Directions for this task
Pictures aside, please retype the whole listing word for word.

Information supplied
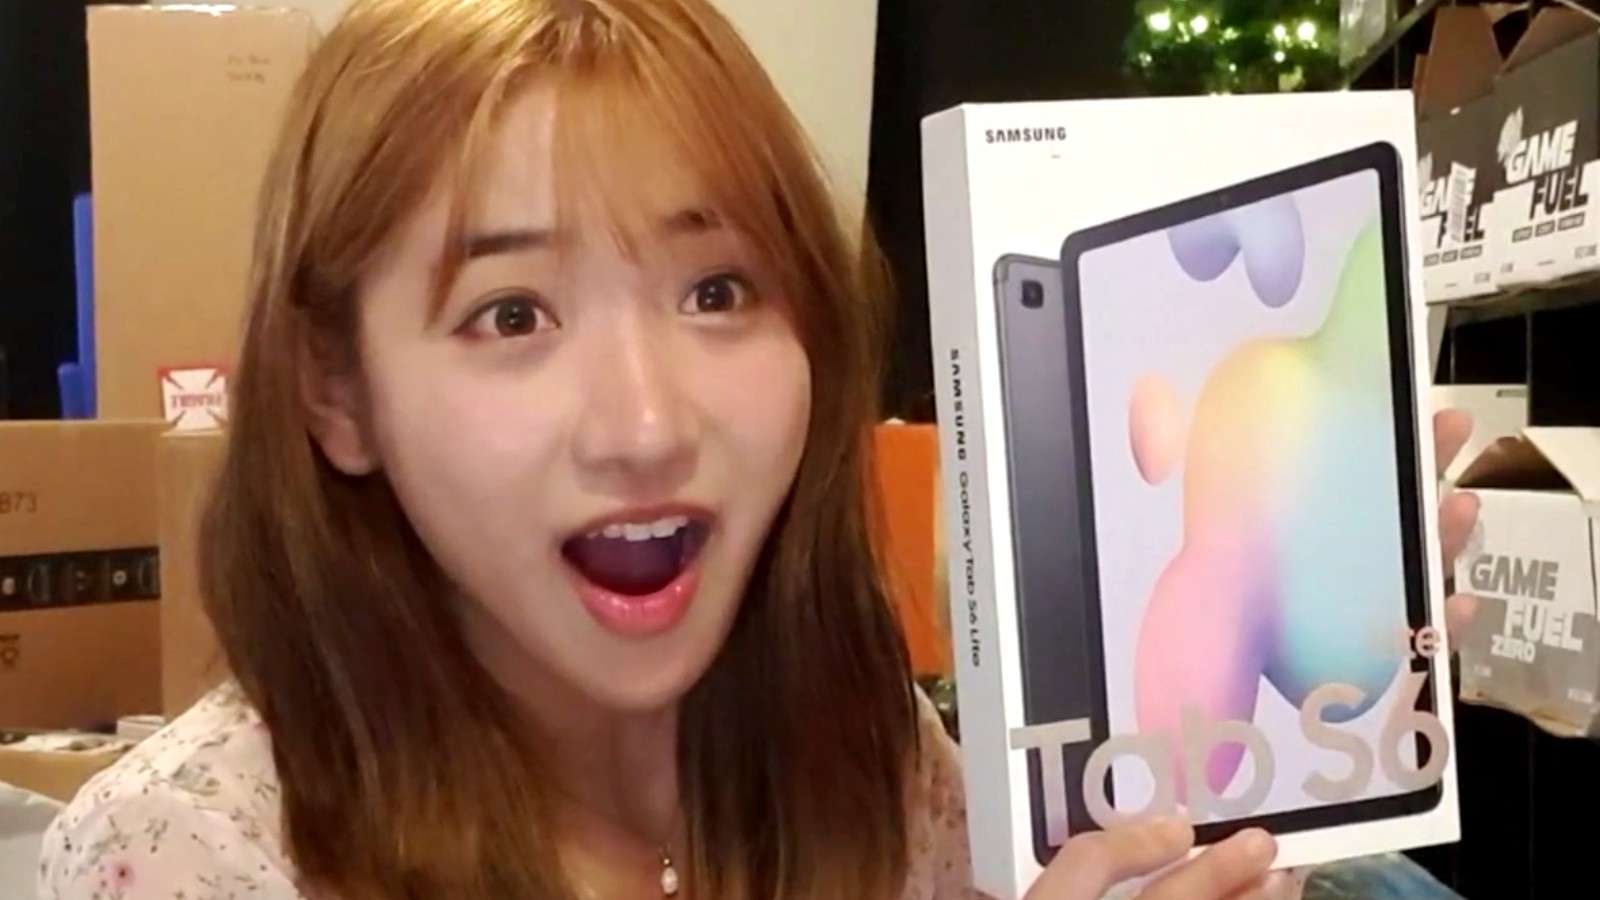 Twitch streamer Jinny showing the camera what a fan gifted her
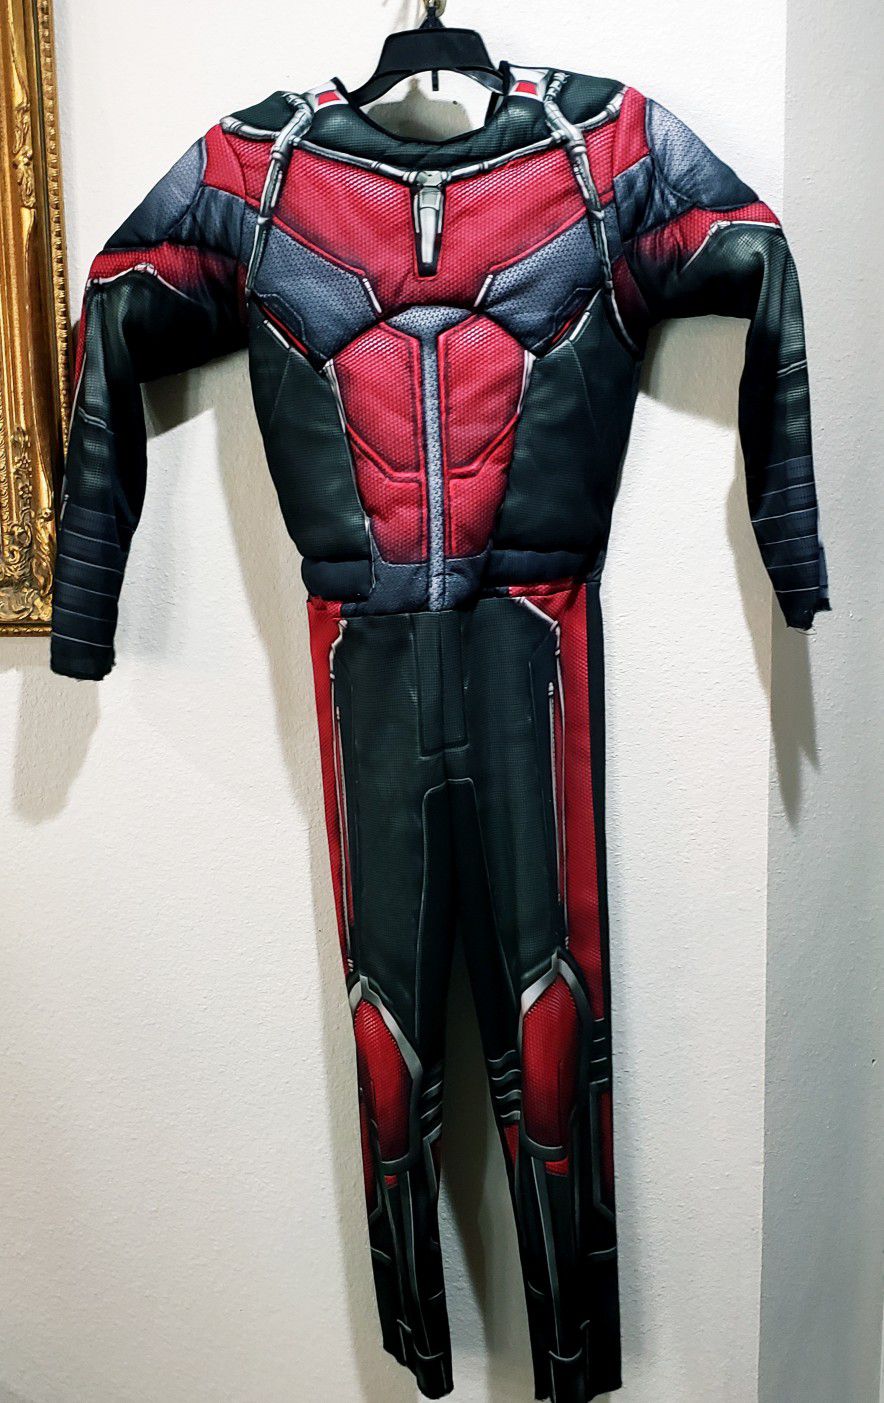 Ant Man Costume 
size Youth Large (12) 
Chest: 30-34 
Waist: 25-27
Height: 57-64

Task result
 Twitch streamer Jinny showing the camera what a fan gifted her
 Ant Man Costume 
size Youth Large (12) 
Chest: 30-34 
Waist: 25-27
Height: 57-64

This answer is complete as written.